Since the early work of Turkevich and Frens, methods to produce gold nanoparticles in the scale from 9 to 120 nm, and with defined size distribution, have been optimized for various applications [13,21]. Gold NPs can be coated with a ligand shell, which provides colloidal stability, or conjugated with (biological) molecules via thiols ([22], Rivera-Gil et al.). However, attaching Abs directly to the surface of NPs has drawbacks; that is, the process may affect their activity by blocking the active side. To overcome this problem, a method depending on directional covalent binding to a functional polymer on the surface of NPs has been investigated in the literature [23]. One effective method is the use of 1-ethyl-3- (3-dimethylaminopropyl) carbodiimide (EDC) chemistry [24].

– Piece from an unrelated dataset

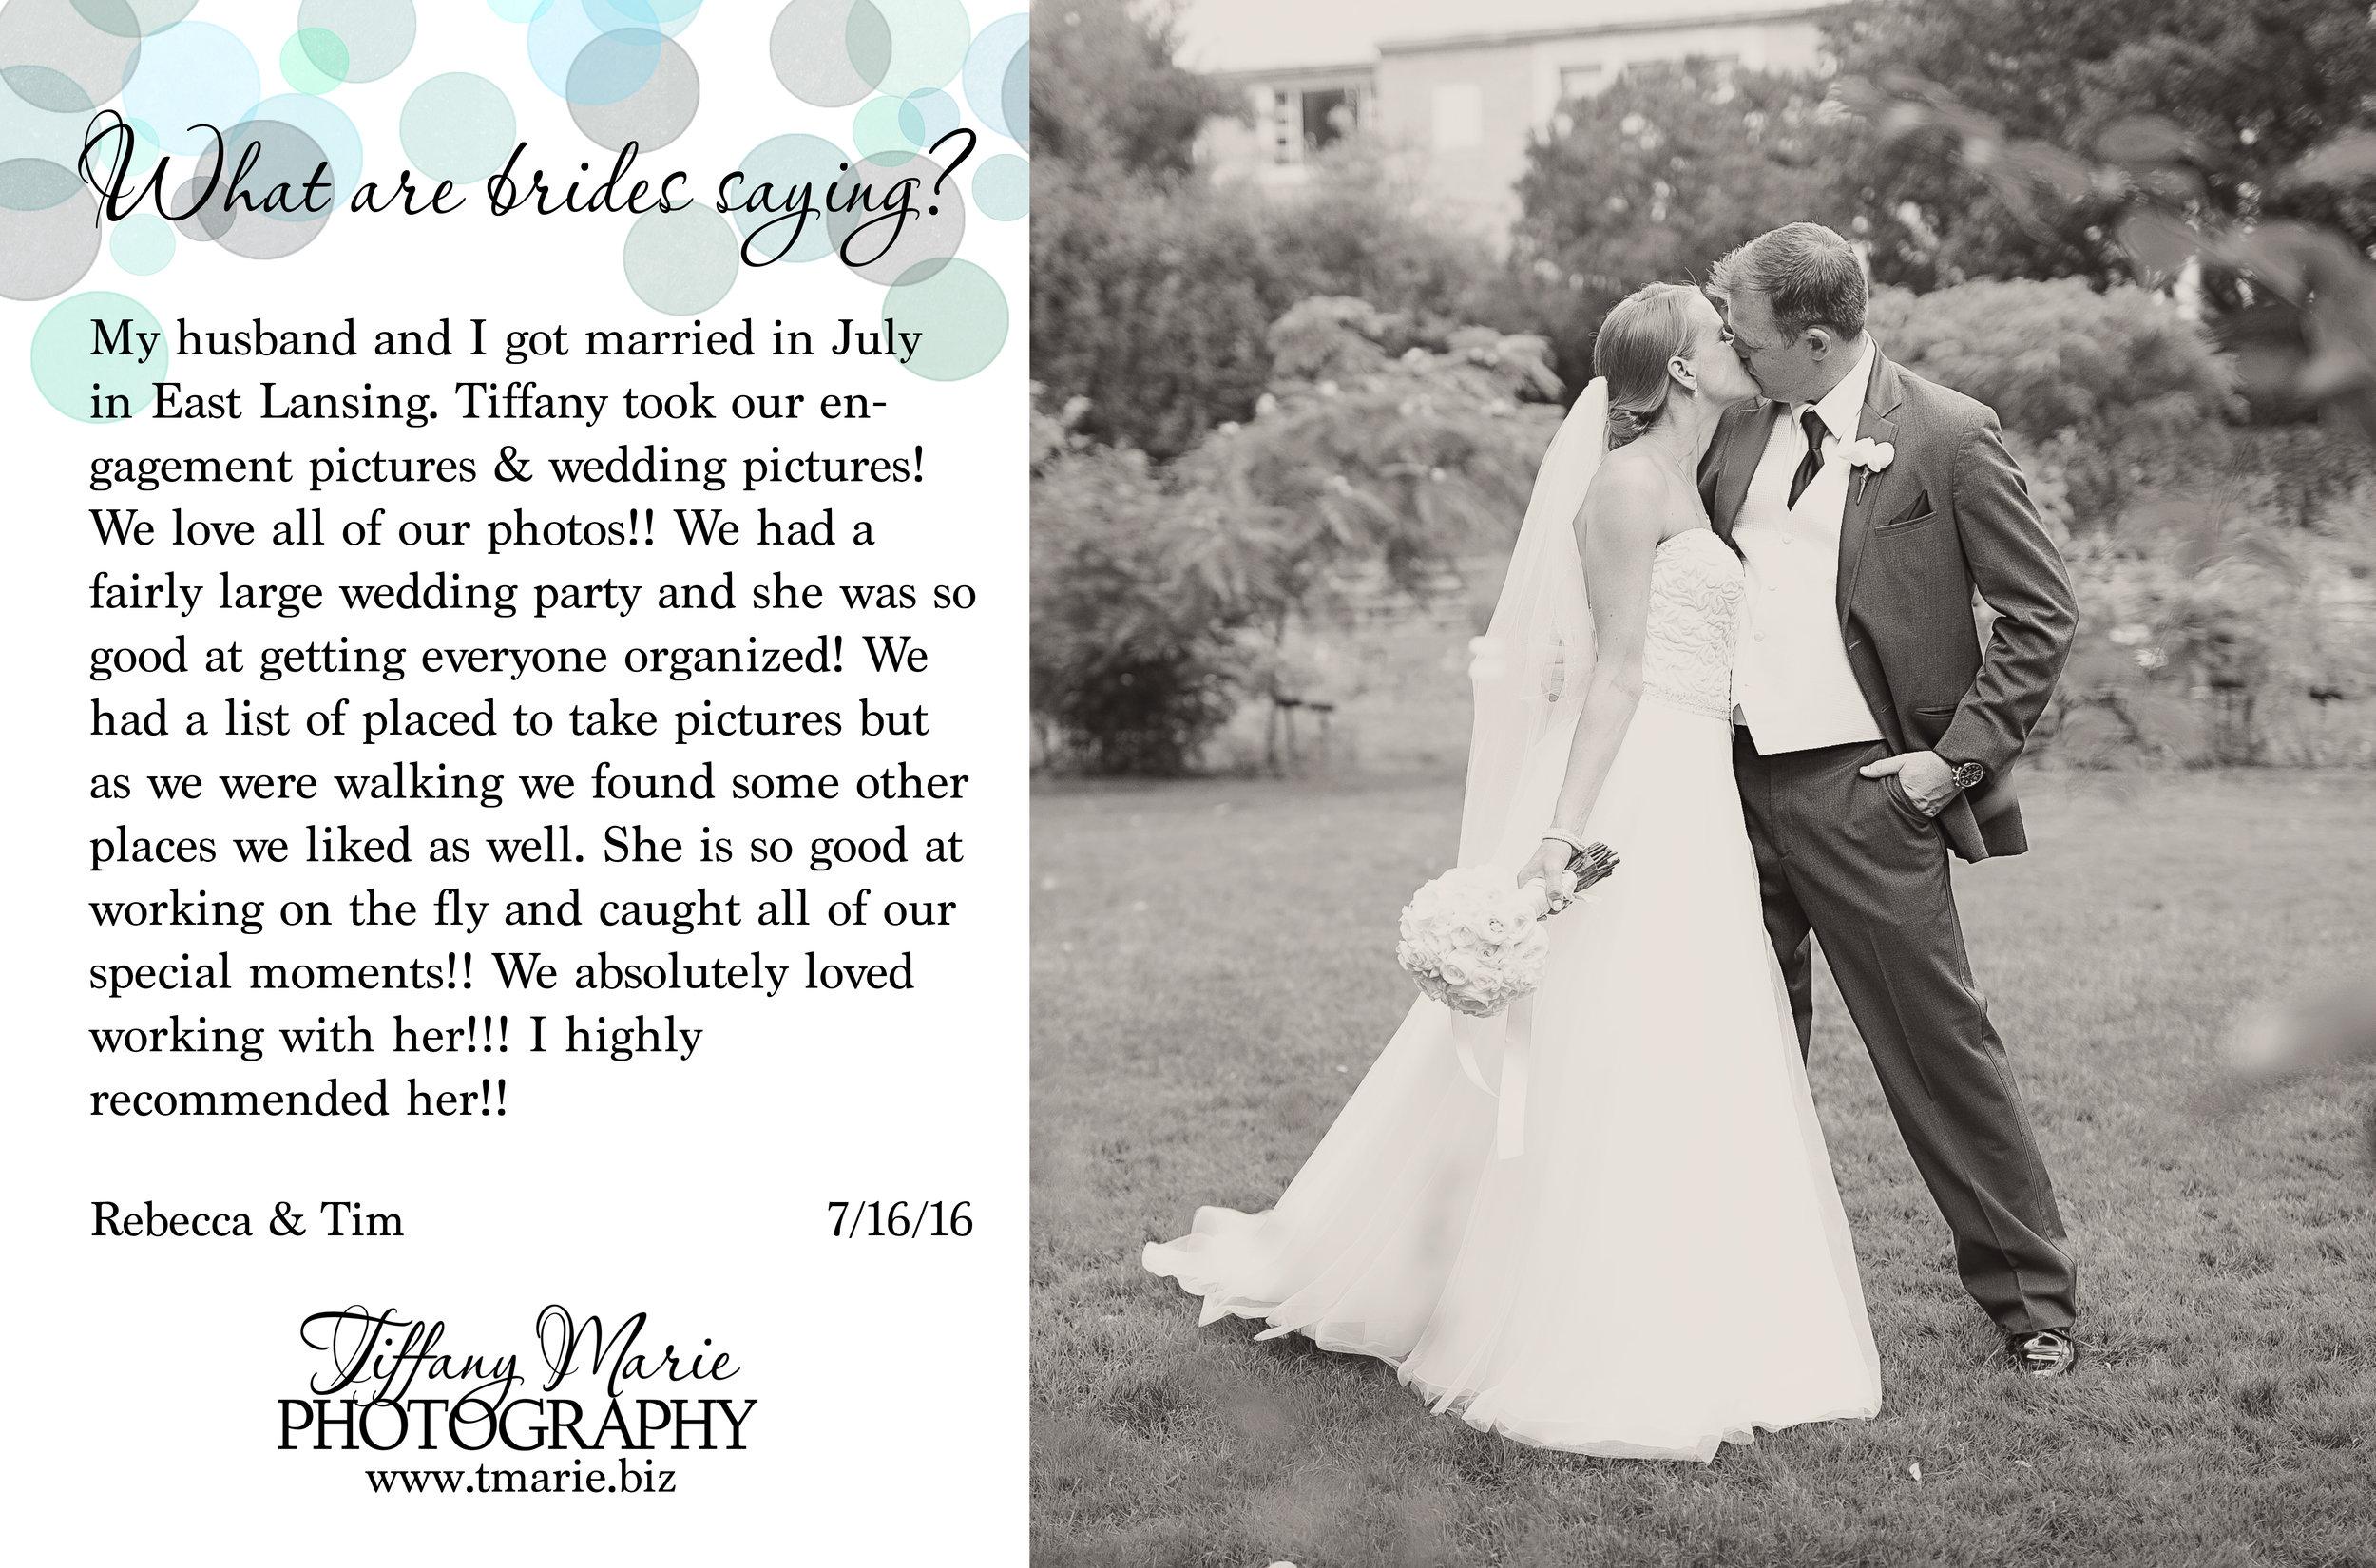 weddingreviewtiffanymariephotography1.jpg

Antibodies bear amine groups on some of their amino-acid side chains, including residues in the antigen-binding site. To detect the probability of their binding to antigen-binding-irrelevant sites of the antibody, we functionalized AuNPs with a carboxyl-containing polymer and then conjugated them with the therapeutic Abs using EDC/NHS chemistry, and carried out binding studies. The binding studies revealed that, even though some antibodies might have coupled through their antigen-binding sites, others coupled through antigen-biding-irrelevant amino acids and remained active.

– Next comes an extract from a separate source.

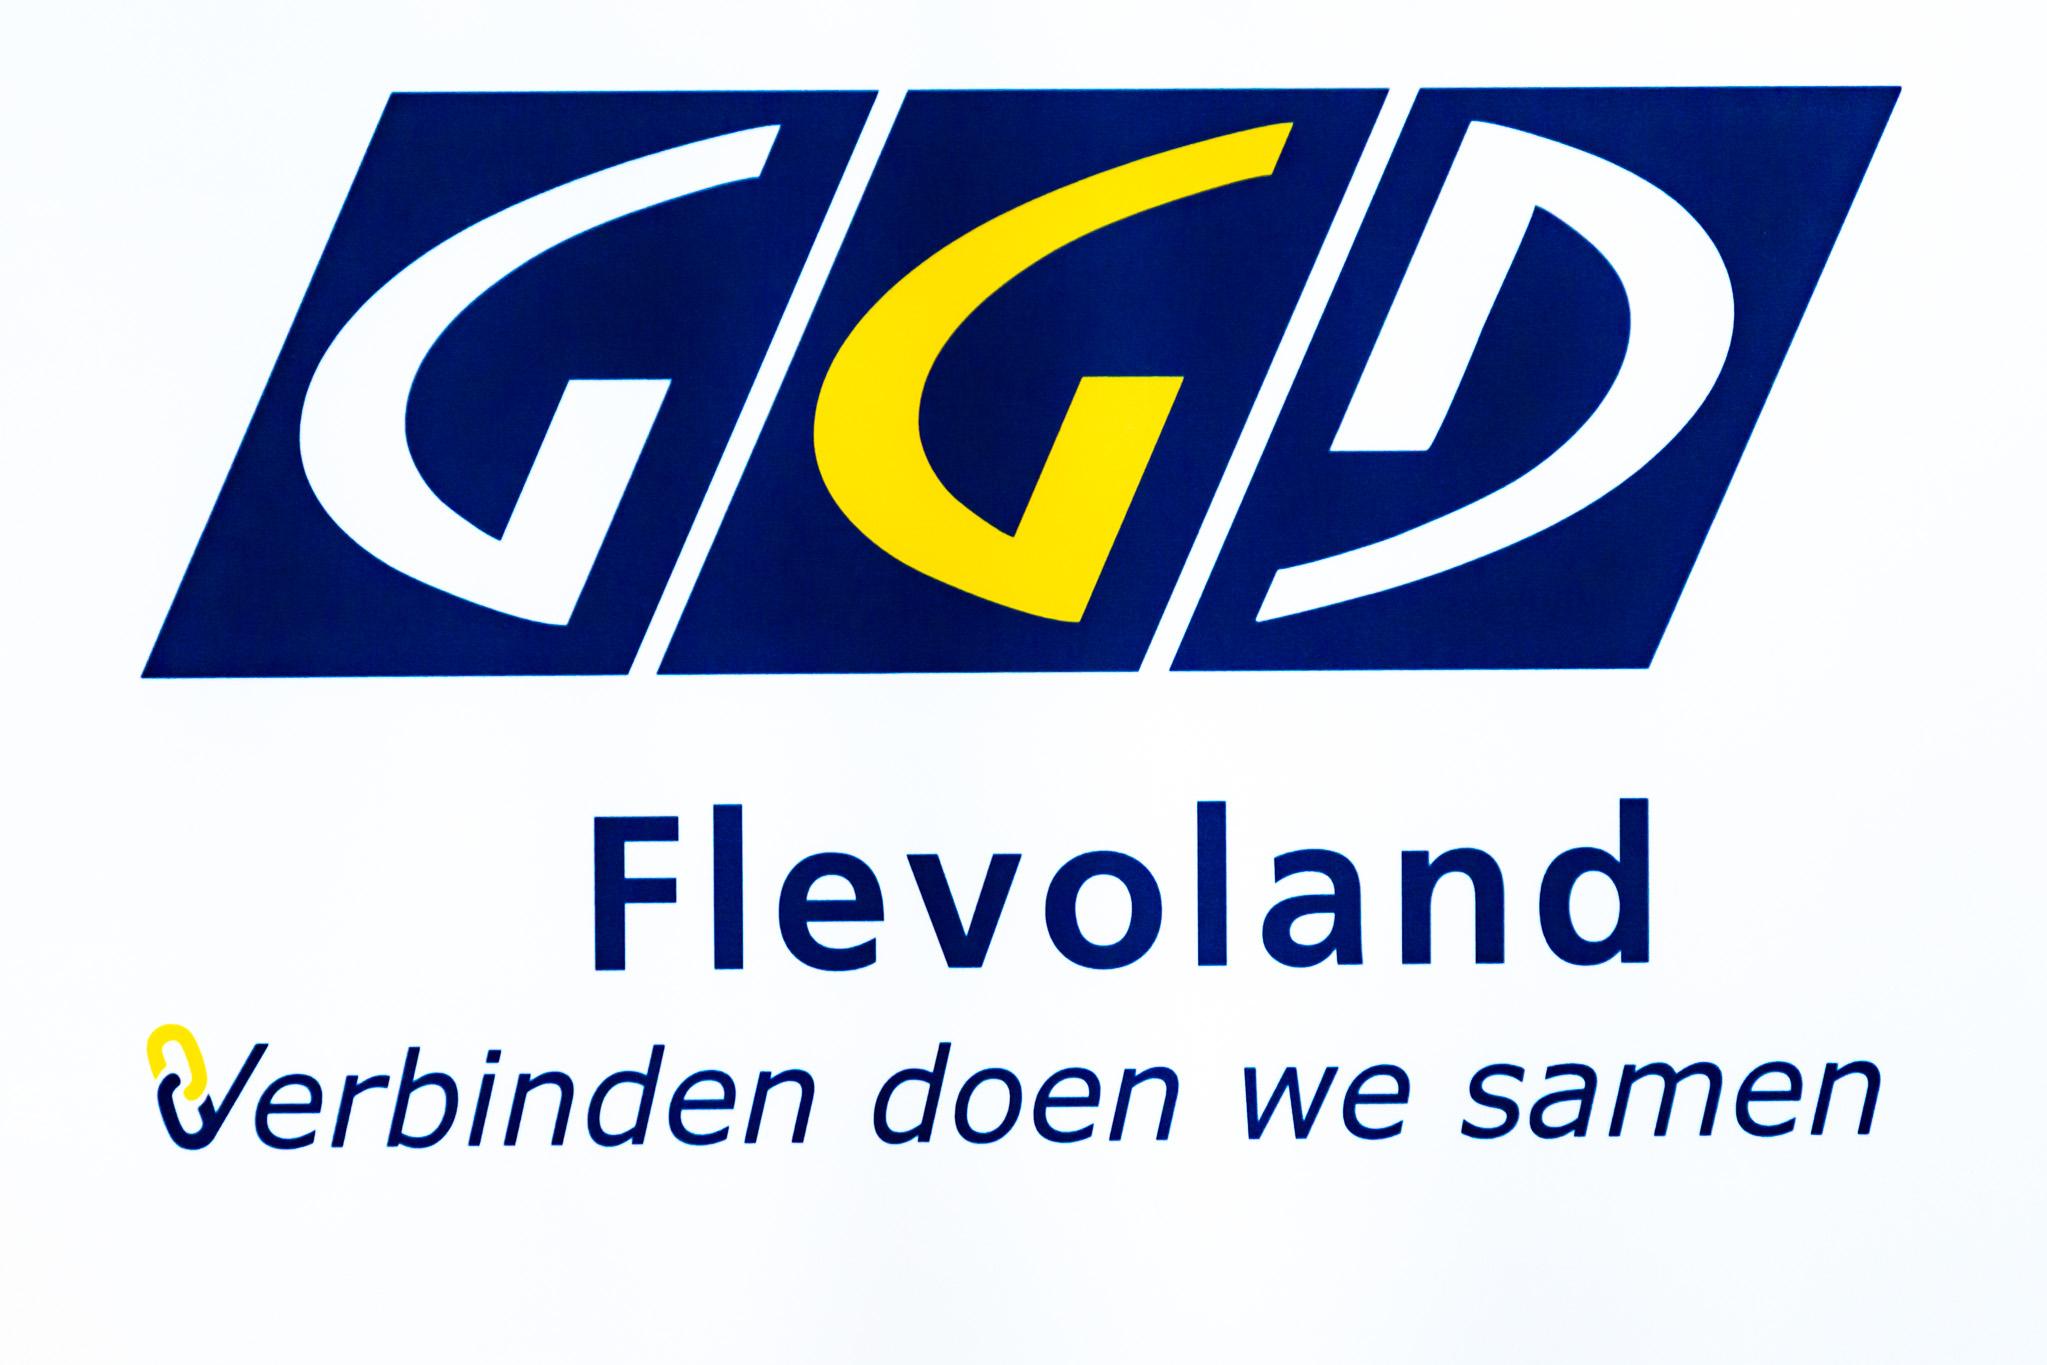 Bedrijf Reportage Positieve Gezondheid Flevoland Shot By Sylla 11

Recent studies found that specific antibodies for the TNF receptor Fn14 can mimic some effects of the soluble TWEAK, Fn14-specific TNF ligand, by triggering the related signaling pathways. However, the soluble anti-Fn14 antibody failed to activate all of the needed signaling pathways of the soluble TWEAK. This drawback of the soluble anti-Fn14 can be overcome by oligomerization using protein G, or by anchoring to Fcγ receptors of the effector cells, which provides the antibody with agonistic activity [4,25]. In future work, we will exploit the gold nanoparticles as a platform to immobilize the therapeutic antibody (PDL192) as a model. We hypothesize that the AuNPs-conjugated anti-Fn14 monoclonal IgG1 antibody will possess agonistic activity which resembles the Fcγ receptors anchoring-dependent efficiency. Such anchored antibodies should then be able to trigger the associated proinflammatory signaling pathways. If successful, this approach will enable promising applications of nanocomposites with antitumor antibodies. Furthermore, we will work on the nanoencapsulation of these nanoparticles to target tumor tissues specifically and prevent the systemic side effects associated with such antibodies.

5. Conclusions

Gold nanoparticles of diameter ca. 60 nm have been synthesized by a gold chloride reduction in sodium citrate, then functionalized with COOH-PEG-SH to stabilize the colloidal solution of the gold nanoparticles. We have also demonstrated that the carboxyl-modified gold nanoparticles can be coupled with the antibodies of interest using the EDC/NHS coupling procedure. The binding studies of the Ab-grafted AuNPs against their labeled specific antigen confirmed the conjugation of C-AuNPs. We showed that our coupling protocol allows for the conjugation of the antibody so that its activity is maintained. Our future work will focus on the in vitro assays needed to compare the activity of the conjugated antibodies and their soluble variants.